[[ Dataset content, beginning ]]

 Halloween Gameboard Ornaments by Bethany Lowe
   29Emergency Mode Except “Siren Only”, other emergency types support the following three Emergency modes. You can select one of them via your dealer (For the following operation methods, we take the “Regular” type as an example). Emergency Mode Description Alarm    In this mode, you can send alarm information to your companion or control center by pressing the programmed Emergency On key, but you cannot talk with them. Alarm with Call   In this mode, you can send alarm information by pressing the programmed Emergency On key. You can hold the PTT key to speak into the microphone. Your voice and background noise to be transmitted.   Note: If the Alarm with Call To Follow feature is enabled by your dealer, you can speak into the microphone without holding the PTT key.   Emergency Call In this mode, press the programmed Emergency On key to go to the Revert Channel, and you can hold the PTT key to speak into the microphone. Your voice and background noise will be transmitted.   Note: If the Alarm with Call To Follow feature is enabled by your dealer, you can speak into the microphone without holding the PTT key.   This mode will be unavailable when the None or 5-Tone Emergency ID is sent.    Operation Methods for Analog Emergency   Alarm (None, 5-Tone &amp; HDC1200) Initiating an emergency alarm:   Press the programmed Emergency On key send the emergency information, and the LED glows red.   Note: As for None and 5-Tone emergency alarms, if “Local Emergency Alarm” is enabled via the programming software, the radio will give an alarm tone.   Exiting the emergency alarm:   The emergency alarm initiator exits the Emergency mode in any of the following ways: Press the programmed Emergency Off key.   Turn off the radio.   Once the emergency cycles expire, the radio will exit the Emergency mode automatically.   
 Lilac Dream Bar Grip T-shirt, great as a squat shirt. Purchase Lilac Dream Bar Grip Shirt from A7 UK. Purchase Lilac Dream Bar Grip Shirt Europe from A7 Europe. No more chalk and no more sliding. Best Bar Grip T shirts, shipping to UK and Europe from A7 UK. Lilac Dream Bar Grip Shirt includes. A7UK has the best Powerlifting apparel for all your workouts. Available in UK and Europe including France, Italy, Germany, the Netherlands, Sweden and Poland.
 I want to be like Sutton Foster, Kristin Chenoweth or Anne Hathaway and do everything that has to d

[[ Dataset content, end ]]

Task: When transcribing the data, keep every line exactly as it is.

Result of this exercise:
 Halloween Gameboard Ornaments by Bethany Lowe
   29Emergency Mode Except “Siren Only”, other emergency types support the following three Emergency modes. You can select one of them via your dealer (For the following operation methods, we take the “Regular” type as an example). Emergency Mode Description Alarm    In this mode, you can send alarm information to your companion or control center by pressing the programmed Emergency On key, but you cannot talk with them. Alarm with Call   In this mode, you can send alarm information by pressing the programmed Emergency On key. You can hold the PTT key to speak into the microphone. Your voice and background noise to be transmitted.   Note: If the Alarm with Call To Follow feature is enabled by your dealer, you can speak into the microphone without holding the PTT key.   Emergency Call In this mode, press the programmed Emergency On key to go to the Revert Channel, and you can hold the PTT key to speak into the microphone. Your voice and background noise will be transmitted.   Note: If the Alarm with Call To Follow feature is enabled by your dealer, you can speak into the microphone without holding the PTT key.   This mode will be unavailable when the None or 5-Tone Emergency ID is sent.    Operation Methods for Analog Emergency   Alarm (None, 5-Tone &amp; HDC1200) Initiating an emergency alarm:   Press the programmed Emergency On key send the emergency information, and the LED glows red.   Note: As for None and 5-Tone emergency alarms, if “Local Emergency Alarm” is enabled via the programming software, the radio will give an alarm tone.   Exiting the emergency alarm:   The emergency alarm initiator exits the Emergency mode in any of the following ways: Press the programmed Emergency Off key.   Turn off the radio.   Once the emergency cycles expire, the radio will exit the Emergency mode automatically.   
 Lilac Dream Bar Grip T-shirt, great as a squat shirt. Purchase Lilac Dream Bar Grip Shirt from A7 UK. Purchase Lilac Dream Bar Grip Shirt Europe from A7 Europe. No more chalk and no more sliding. Best Bar Grip T shirts, shipping to UK and Europe from A7 UK. Lilac Dream Bar Grip Shirt includes. A7UK has the best Powerlifting apparel for all your workouts. Available in UK and Europe including France, Italy, Germany, the Netherlands, Sweden and Poland.
 I want to be like Sutton Foster, Kristin Chenoweth or Anne Hathaway and do everything that has to d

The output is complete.